Across these combined 400 rounds of cross validation, GBCs outperformed random forests both overall and at the extreme upper edge of performance, with top-performers making use of a mean imputation strategy and a maximum of 500 or more boosting iterations. It was then discovered that the top classifier from all these 400 rounds—a GBC with a learning rate of 0.01, a minimum leaf size of 50, and a maximum of 2000 iterations of the boosting process—could be improved even further by leaving missing values untouched and by specifying categorical features by index—eliminating the need for one-hot encoding. Examining this model's precise prediction errors, it was notable that predictions of Rodentia could be found in every single order—particularly in lagomorphs and soricomorphs, which obtained mediocre recall scores. Given the training data's great imbalance toward Rodentia, two resampling techniques were evaluated: in the first case, the model randomly undersampled the majority order—Rodentia—to one-fourth its prevalence in the training set, while in the second case, the model randomly oversampled the number of instances of all non-majority orders (non-Rodentia orders) up to the number of Rodentia instances in the training set. Both of these techniques led to noteworthy performance improvements compared to the non-resampled model, but the undersampled model marginally outperformed the oversampled model. After determining that this undersampled model did not perform better with more regularization, it was taken to final evaluation on the test set, where it achieved a balanced accuracy of 0.785 and a recall score of at least 0.75 on eight out of the ten orders considered. The classifier was then trained on the entire pre-partitioned dataset and saved down as a byte stream for future use.

Data Sources and Citations

All data come from the PanTHERIA database (Jones et al., 2009), using the taxonomy set forth by Wilson and Reeder in 2005 (Wilson & Reeder, 2005). Raw data can be found here, with accompanying metadata here. Full citations are below.

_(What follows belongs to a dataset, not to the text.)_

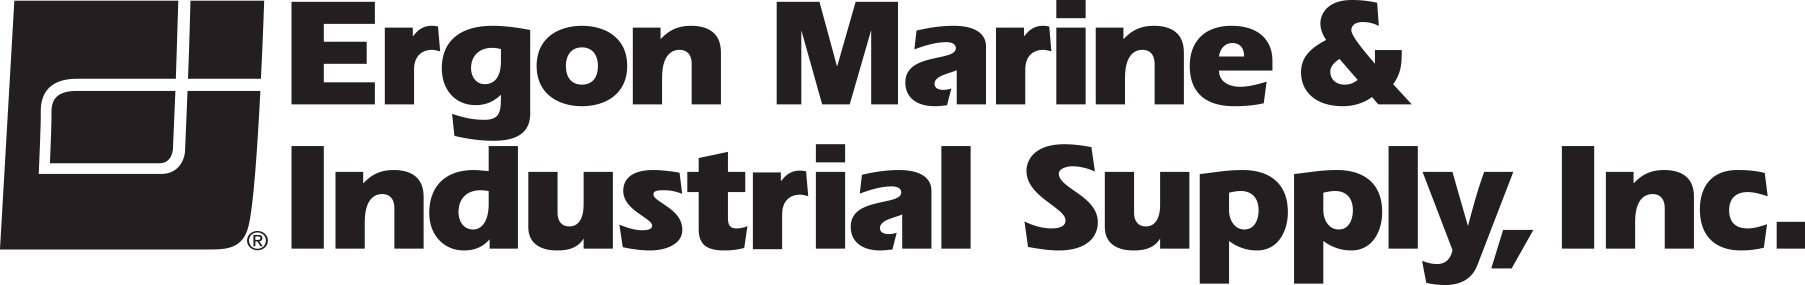 [Image: Ergon Marine Logo]

Jones, K. E., Bielby, J., Cardillo, M., Fritz, S. A., O'Dell, J., Orme, C. D., Safi, K., Sechrest, W., Boakes, E. H., Carbone, C., Connolly, C., Cutts, M. J., Foster, J. K., Grenyer, R., Habib, M., Plaster, C. A., Price, S. A., Rigby, E. A., Rist, J., . . . Purvis, A. (2009). PanTHERIA: a species-level database of life history, ecology, and geography of extant and recently extinct mammals. Ecology, 90(9), 2648. https://doi.org/10.1890/08-1494.1

Wilson, D. E., & Reeder, D. M. (2005). Mammal species of the world: a taxonomic and geographic reference. JHU press.